#ATTENDANCE QUIZ for Lecture 7 of Math251(Dr. Z.)
#EMAIL  RIGHT AFTER YOU WATCHED THE VIDEO
#BUT NO LATER THAN  Sept. 28, 2020, 8:00PM (Rutgers time)
#THIS .txt FILE (EDITED WITH YOUR ANSWERS)
#TO:
#DrZcalc3@gmail.com
#Subject: aq7
#with an ATTACHMENT CALLED:
#aq7FirstLast.txt
#(e.g. aq7DoronZeilberger.txt)




#LIST ALL THE ATTENDANCE QUESTIONS FOLLOWED BY THEIR ANSWERS:

#Let a :=5th digit of your RUID; B:=2nd digit of your RUID

#Let f(x,y):= x^a + b*x^(2*a)*y^3

#Find the two partial derivatives of f(x,y)

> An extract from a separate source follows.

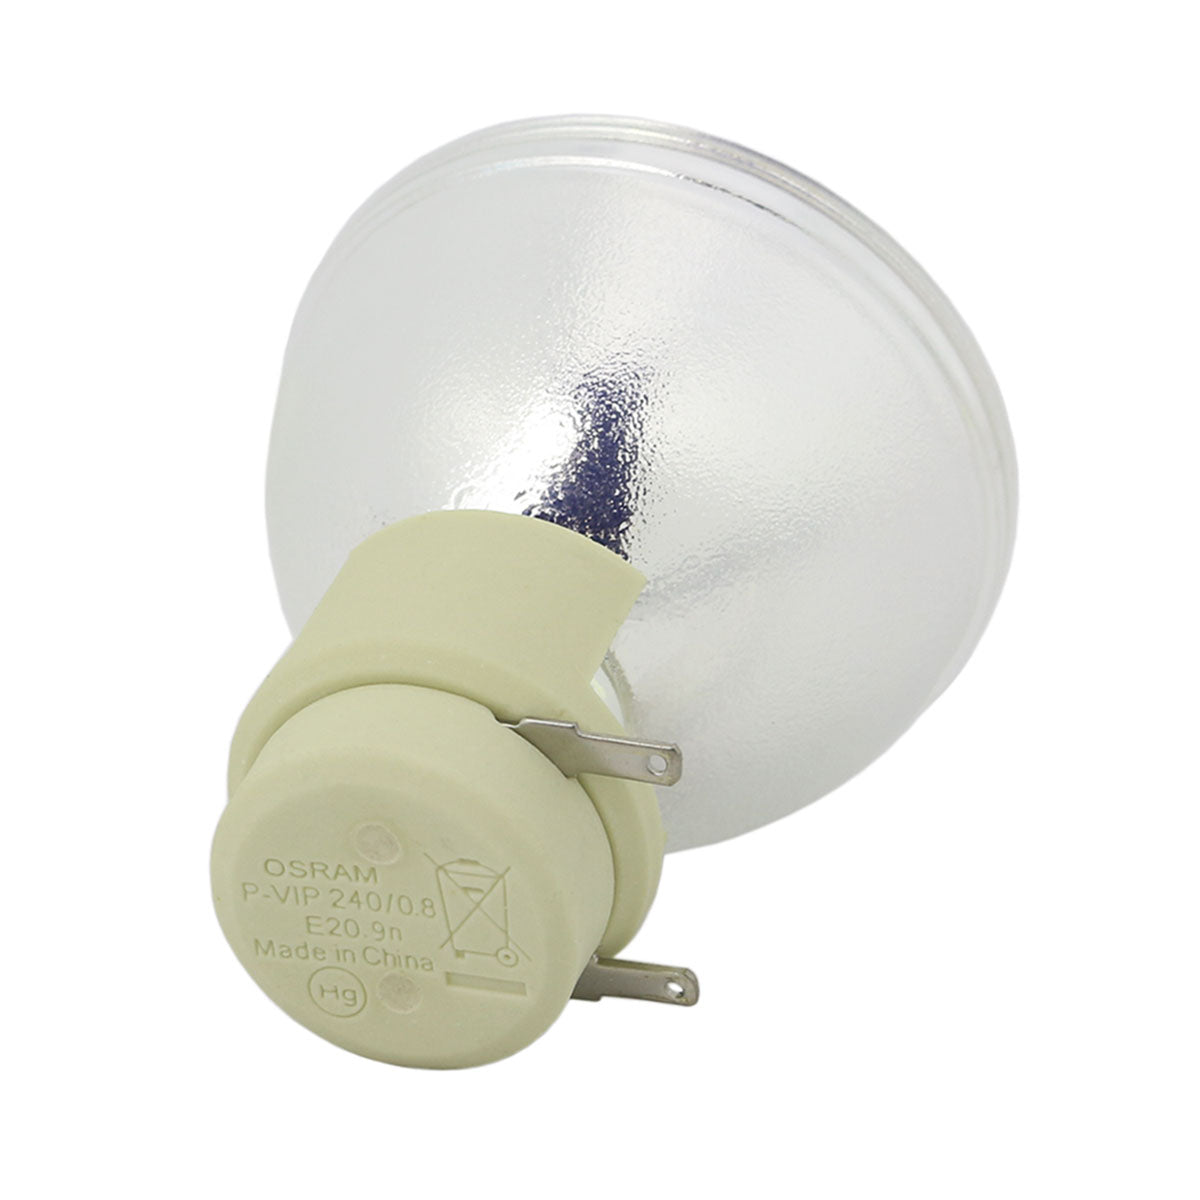 BenQ 5J.J9H05.001 Osram Projector Bare Lamp
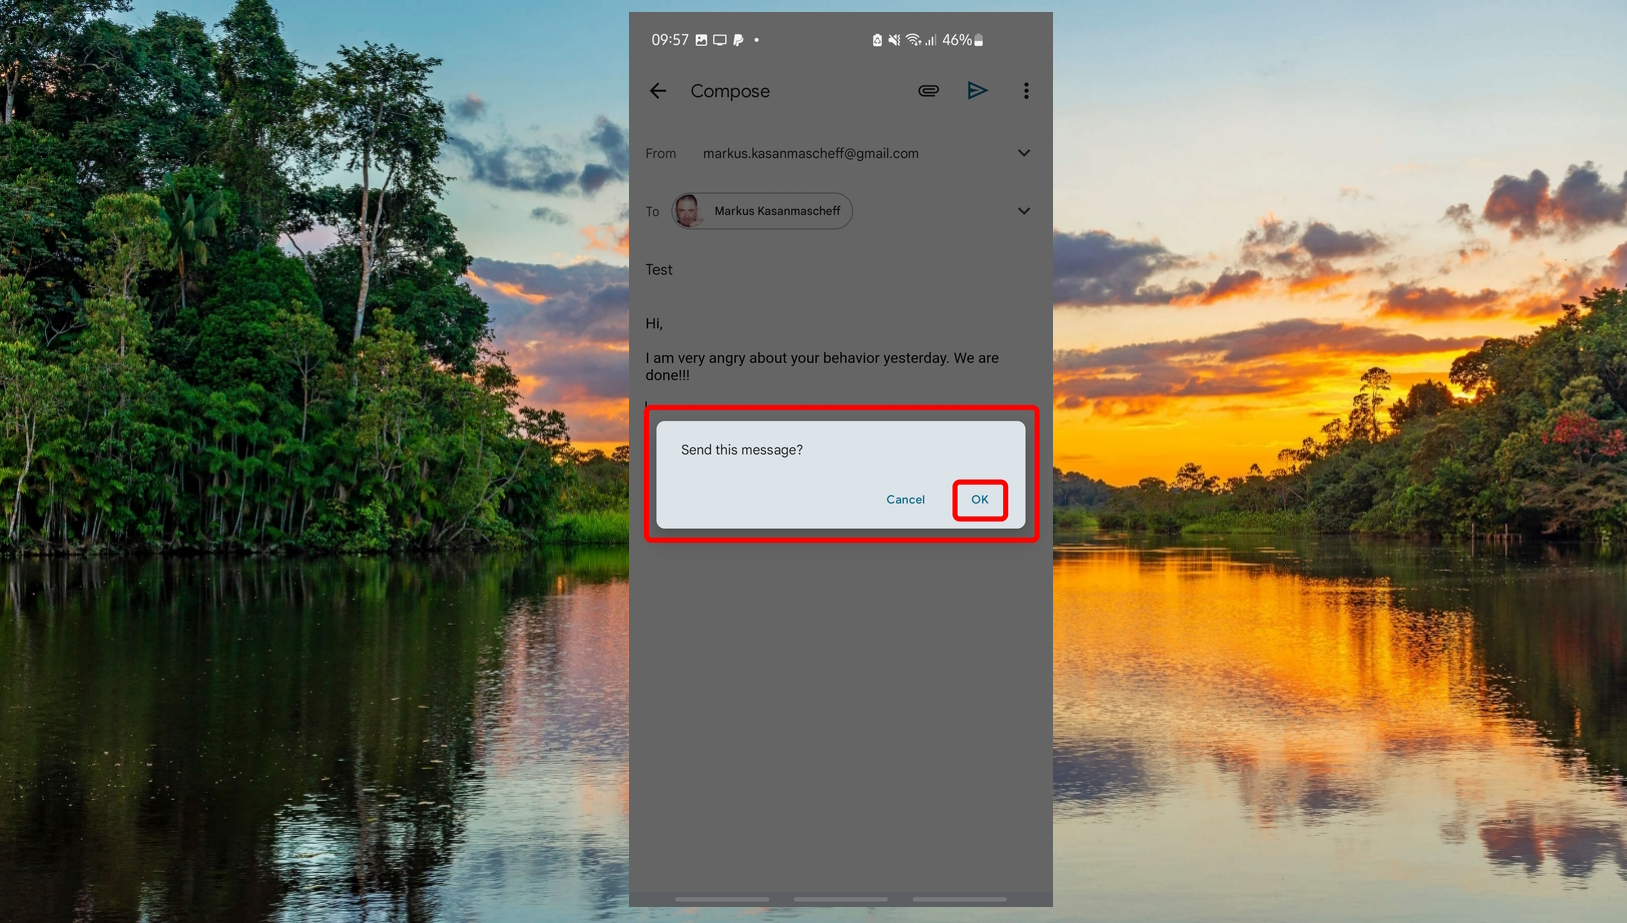 Gmail app - Compose - Send - Confirm to send message

#Answer to attendance question 1:

f(x,y):=x^0 + 8x^0y^3
f(x,y):= 1+8y^3

f'x=0
f'y=24y^2

#attendence question 2:

With a and b as above,  find f_x (z(x,y) and f_y (z(x,y)) IF x,y,z ARE RELATED BY THE RELATIONSHIP (EQUATION)

x^a * y^2 + x^2*y^(3b)*z^3 = exp(x*y*z)

#Answer to attendance question 2:


x^0y^2 + x^2y^24z^3

y^2 + x^2y^24z^3 = exp(x*y*z)




#Attendence question 3:

# Do the second part, find f_y(1,1)


#Answer to attendance problem 3:

I may have done it wrong on paper but I also got 0


#Attendence problem 4:

#Is the answer the same, is f_y(1,1) also 0?
#could you have predicted it without doing the calculation? 

I think maybe because x and y are the same in the equation and in the point? 
There's x^2 and y^2 and x*y+x*y so turning them into constants is the same as well. 


#Attendance Problem 5:
Let a and b be as above

Find the Equation of the tangent plane to the surface 

z = x^a + y^b + a*b*x*y AT the point (1,1,2+a*b)

Answer to attendance problem 5:

z=x^8 + y^0 + 0 at the point (1,1,2)

f = x^8 + 1 -  z

f_x(x,y,z)= 8x^7

f_z(x,y,z)= -1 = 0


8x^7i -k

(1,0,-1)

(x,y,z)(1,0,-1)=(1,1,2)(1,0,-1)
X-z=1-2

x-z=-1